From:Jörg Rhiemeier <joerg_rhiemeier@...>
Date:Thursday, January 13, 2005, 17:03
Hallo!

On Wed, 12 Jan 2005 18:24:35 -0800,
Sai Emrys <saizai@...> wrote:

> [...] > > Q1: What is your *phonemic* inventory? I.e., what are all of the > discriminated phonemes in your conlang(s). (IPA / CXS / X-SAMPA)
Old Albic has: /p/ /t/ /k/ /b/ /d/ /g/ /i/ /y/ /u/ /f/ /T/ /x/ /s/ /h/ /e/ /2/ /o/ /m/ /n/ /N/ /l/ /a/ /w/ /r/ /j/ The vowels occur both short and (much less common) long. Long vowels are tense and short vowels are lax.
> (Side question: CXS is the "standard" notation for this list?)
De facto, yes.
> Q2: What are the allophones? I.e., for each phoneme, what are the > "normal" variants that don't change meaning?
The stops have "fortis" and "lenis" allophones of which the latter occur after vowels and /w l r j/. This rule operates across word boundaries in certain cases, e.g. within an NP.
> Q2b: If you have any, what are the connotations / implications of the > different allophones? E.g., do you use them for different dialects, > registers, "accents", etc.?
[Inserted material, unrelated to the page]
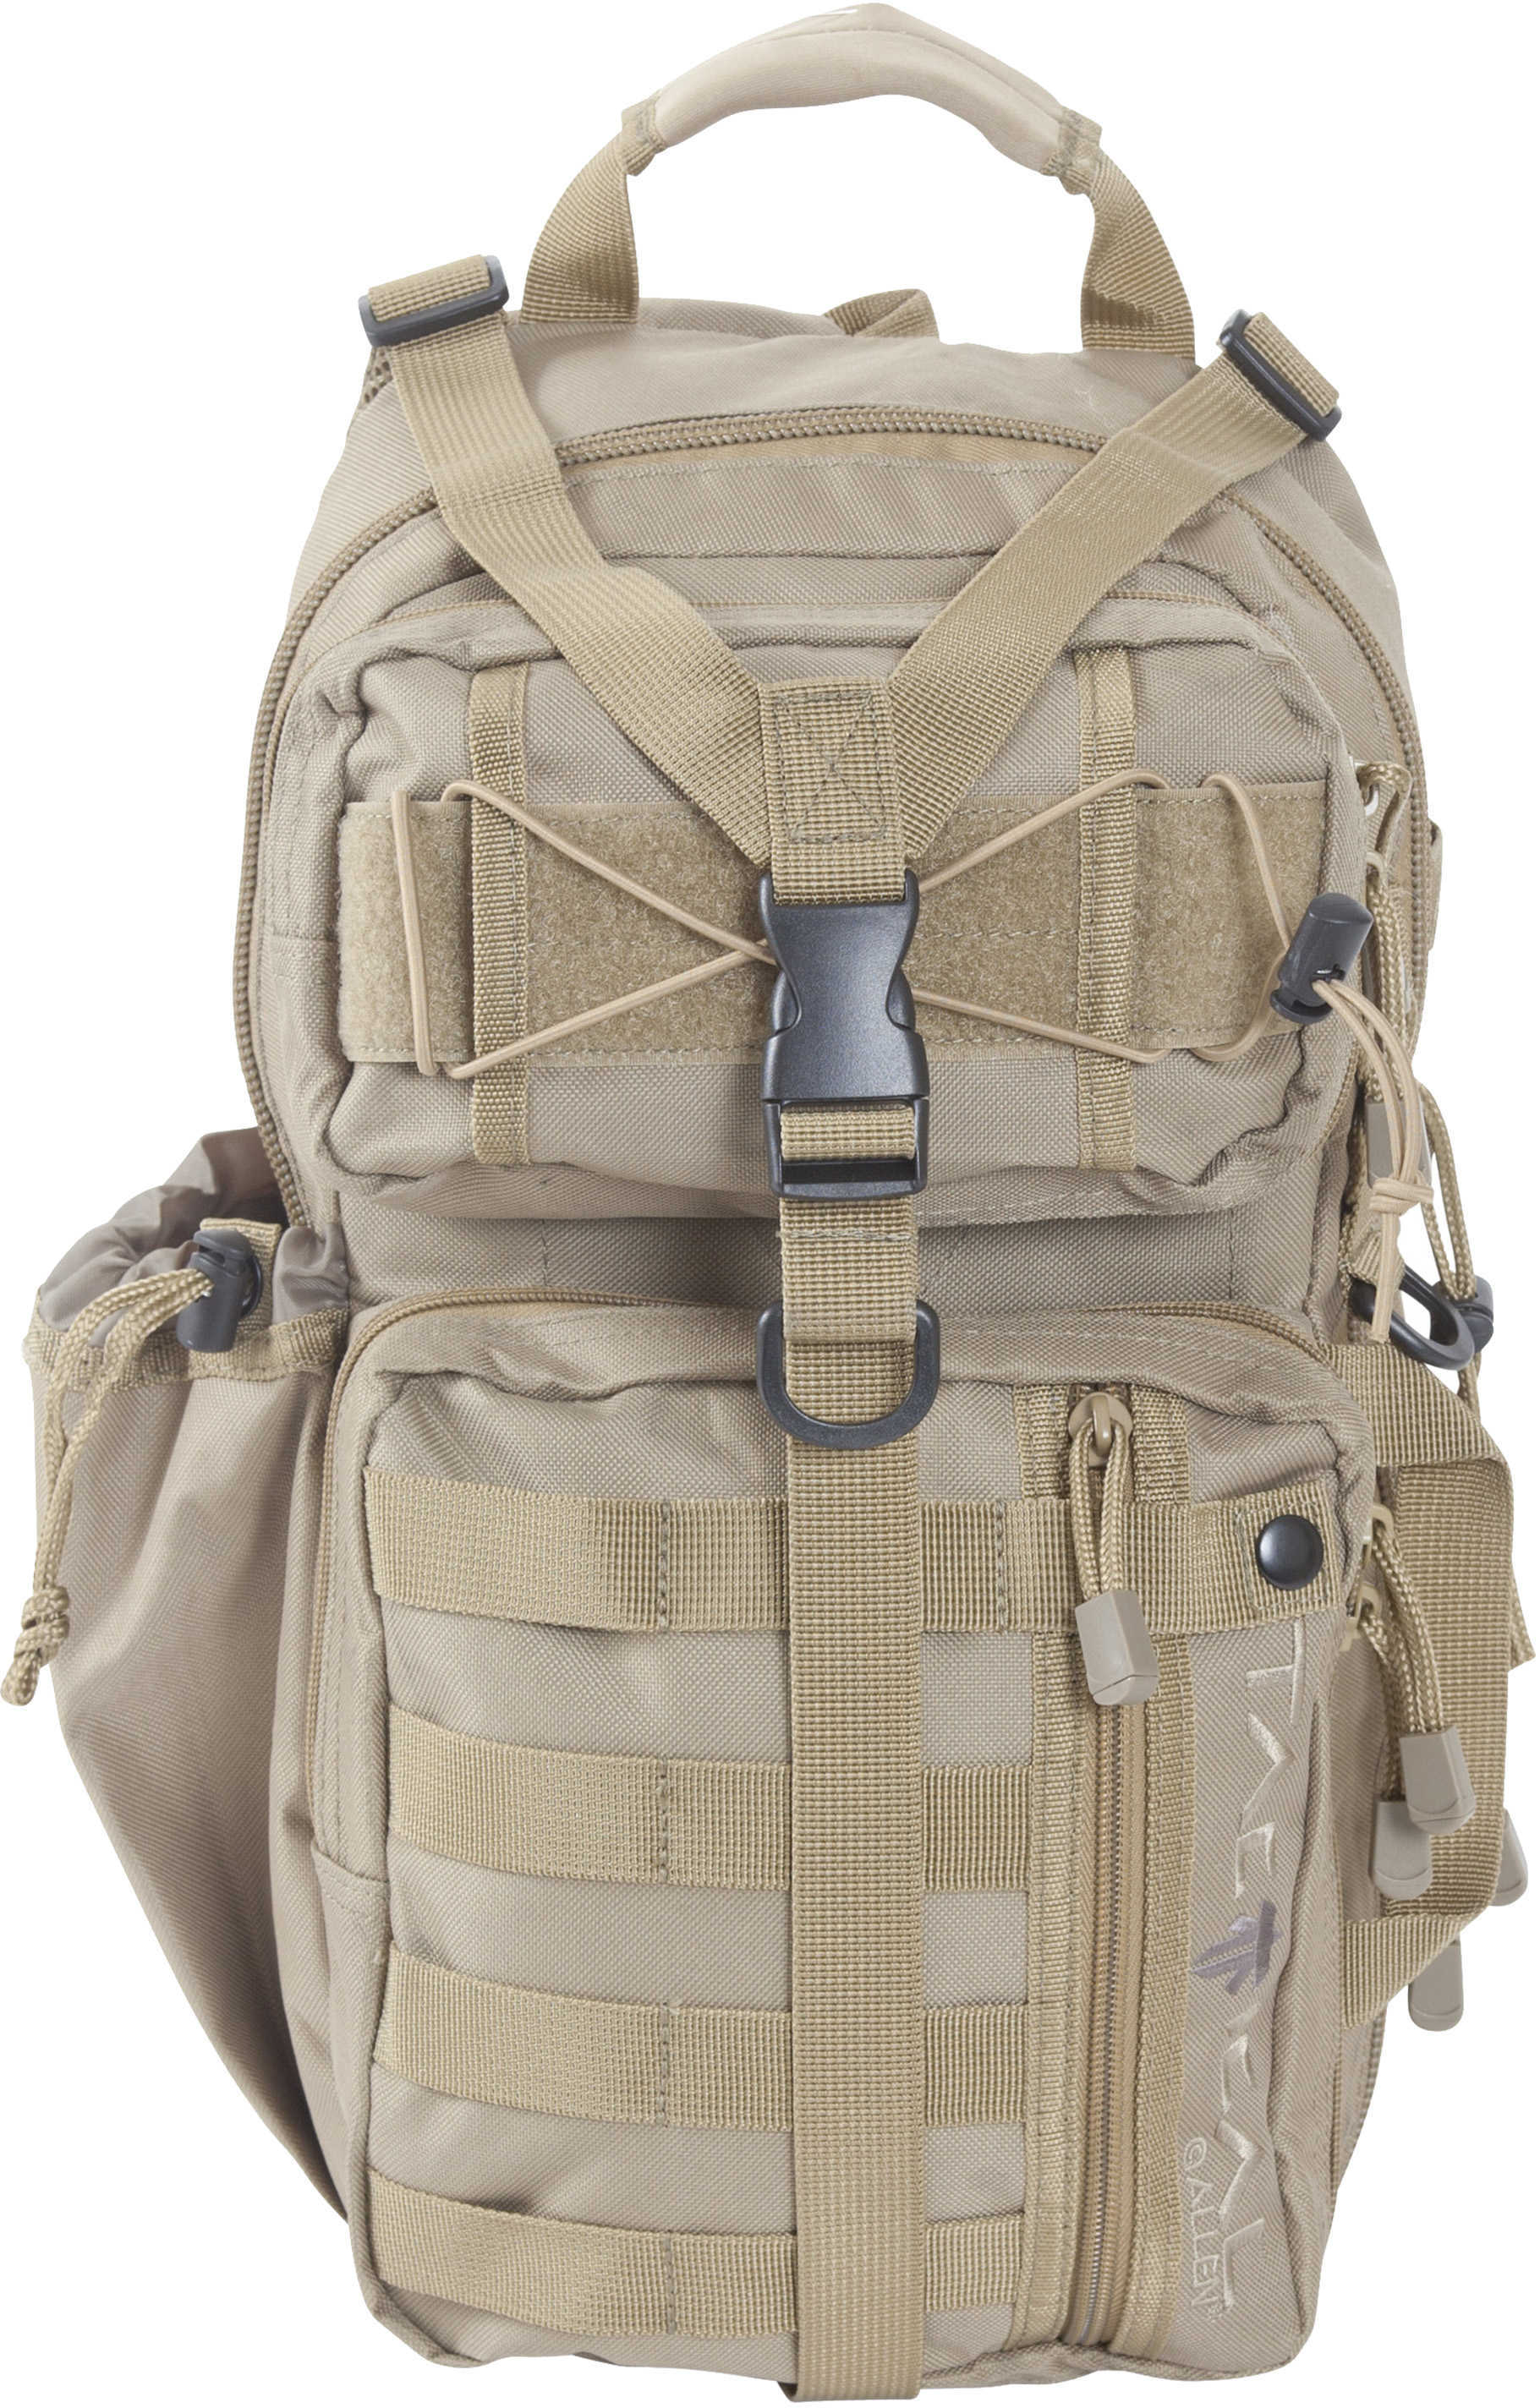 Allen Lite Force Tactical Sling Pack Tan Endura Fabric Design Padded Adjustable Single Shoulder Strap Conceal Carr

Some rural dialects are described as having aspirated stops /p_h/, /t_h/, /k_h/ for the fricatives /f/, /T/, /x/ by classical Old Albic authors. This pronunciation was generally considered rustic, uneducated and ugly among urbanites.
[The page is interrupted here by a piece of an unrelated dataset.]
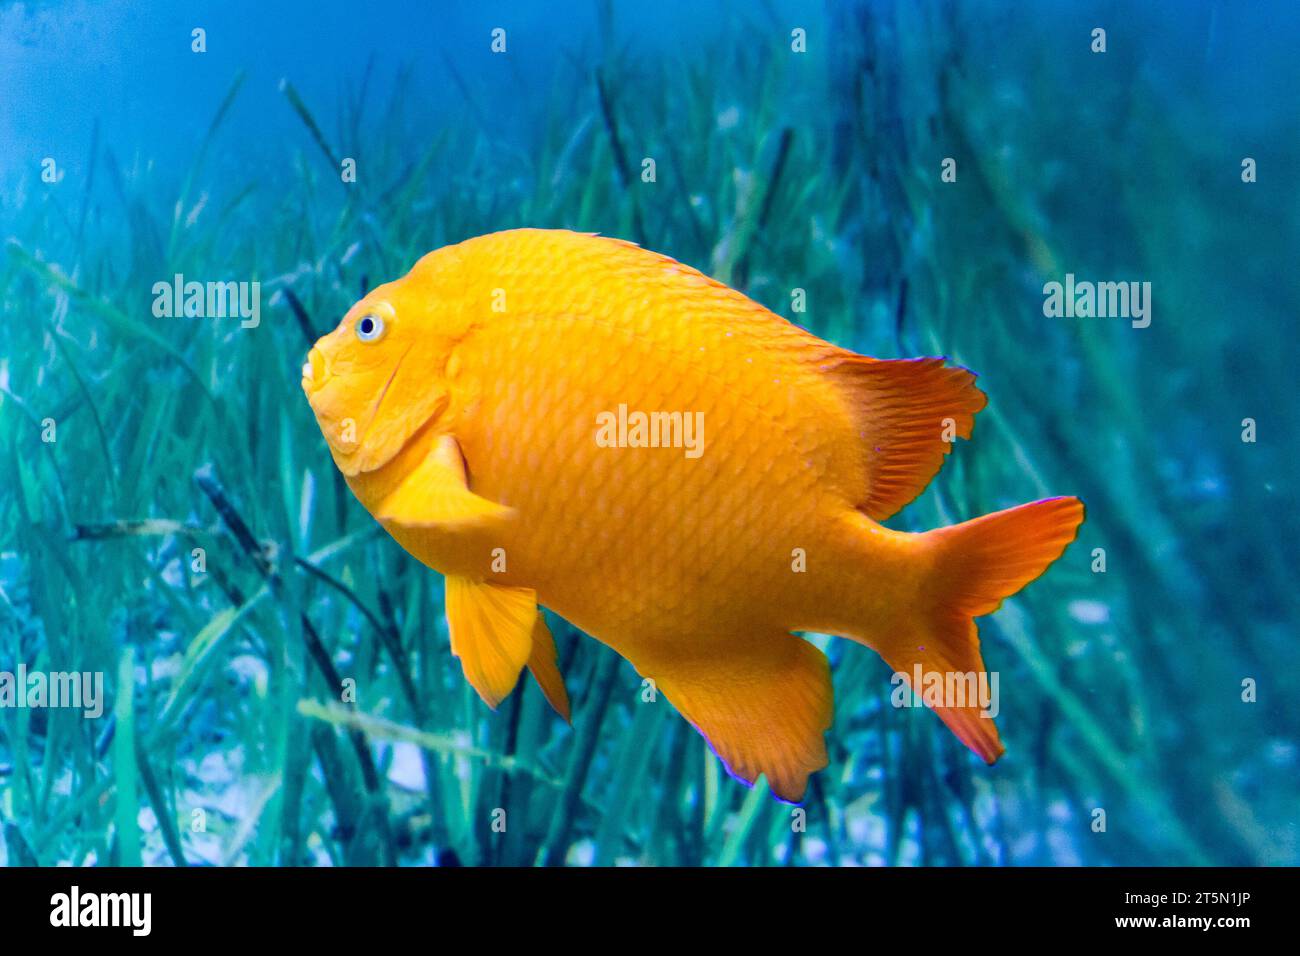 Pesce arancio garibaldi sullo sfondo di acqua e alghe Foto Stock
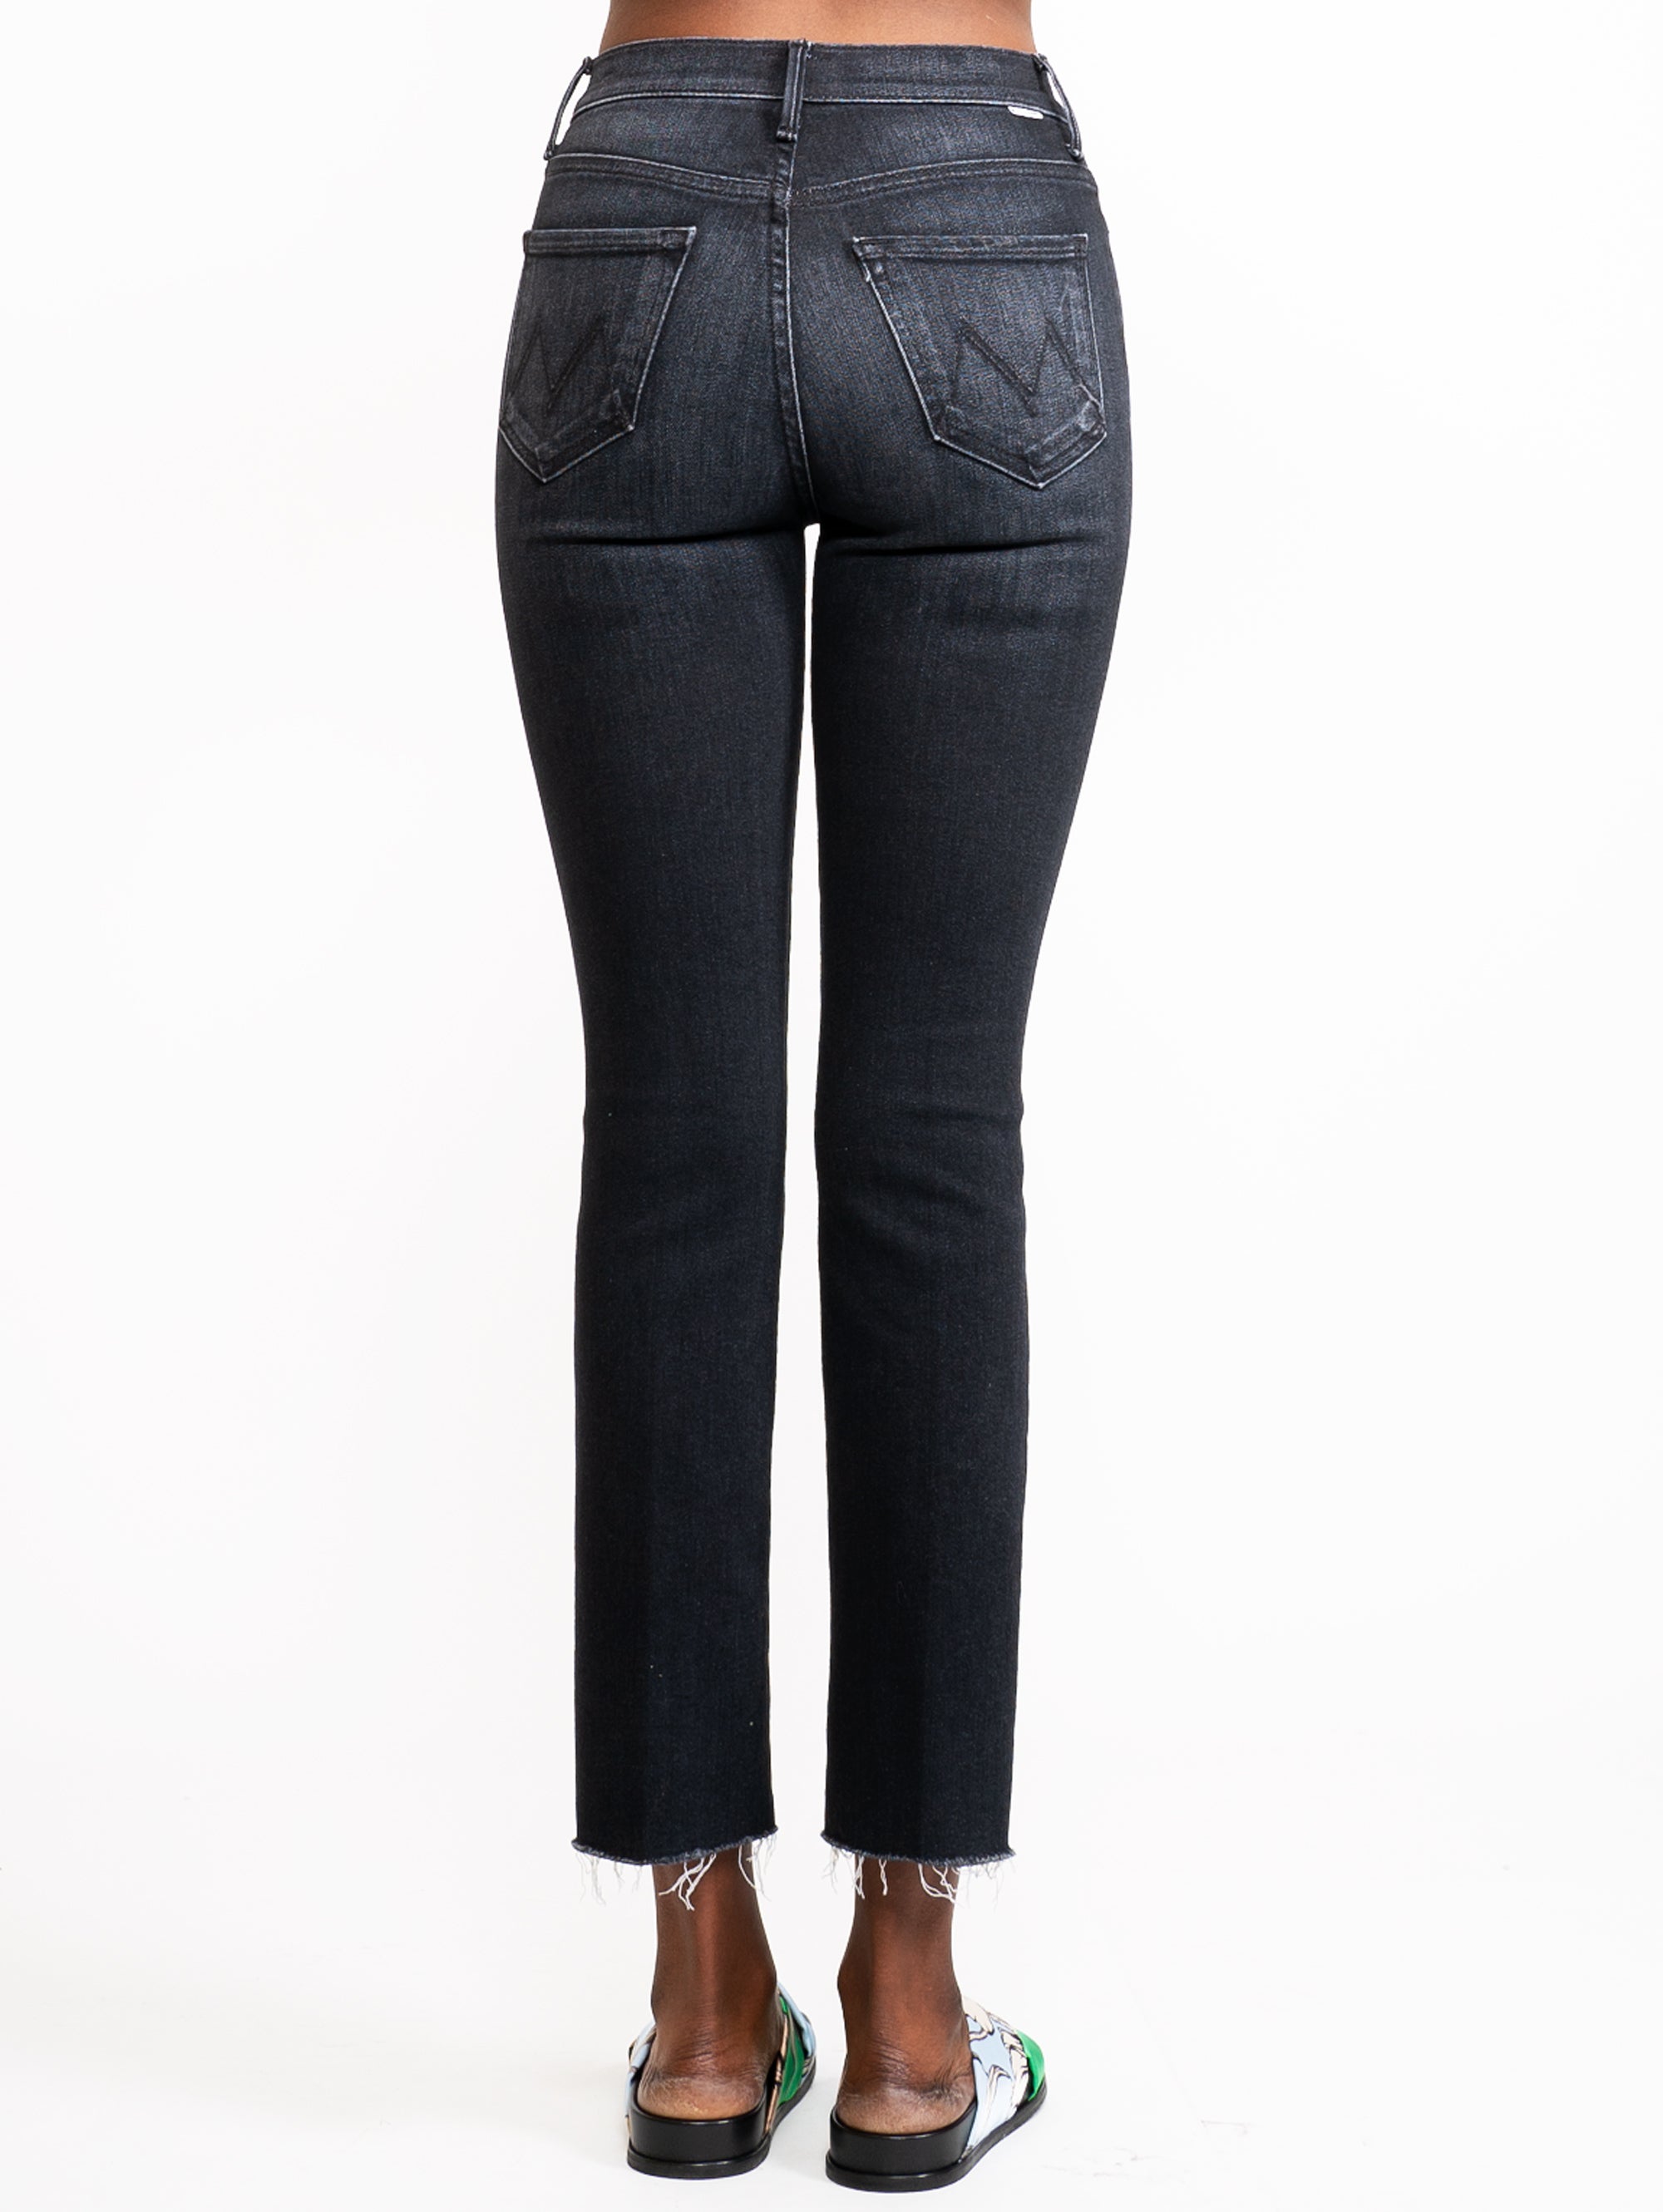 Hoch taillierte Jeans mit schwarzem, ausgefranstem Saum

> Q3: How do your choices for the above reflect the goals of your > language? E.g., if it's an auxlang [here!?], it's probably motivated > by having common, strongly "universal" common-use phonetics to > maximize learnability. So, for whatever your goals are for the > conlang, how do they apply to the choices you made for phonetics / > phonology?
Old Albic is an artlang designed to fit my personal style, and also to represent a plausible pre-Celtic language of Britain that is a distant cousin to Indo-European. Greetings, Jörg.